The underlying enterprise architecture embedded in organizations has revolutionized TIC. However, a bloated backend architecture lacking adequate information & data controls can prolong cost avoidance and cost out activities, such as engineering changes and hiring decisions, which lead to higher EOIC. This is further aggravated when individual shops across the enterprise with similar customer deliverables have different legacy IT systems, a common theme among older organizations. While IT and digital technologies can increase productivity, if not implemented properly and with all stakeholders at the table, it can quickly become a chaotic mess of IT systems that can’t exchange information effectively without expensive human configuration & management. Digital technologies can be an asset to strengthen decision making; however, if not standardized, this can force many managers and employees to waste time data gathering for hours to find the right, relevant data.
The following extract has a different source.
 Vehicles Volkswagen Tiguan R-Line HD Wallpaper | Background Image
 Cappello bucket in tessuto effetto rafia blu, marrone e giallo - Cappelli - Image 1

Hung Cao discusses this further, citing research from Cottrill Research.
While not an exhaustive list, taking advantage of the downtime to revamp how an organization views metrics, synthesizing best practices, and reexamine underlying IT infrastructure can create a competitive position coming out of COVID-19. Examine all departments to reduce EOIC enterprise-wide for better agility and practices, not just the usual focus of the floor for TIC.
Sooner or later, MRO and component repair organizations will have a competitive reckoning, will they be ready to deliver value at the right price?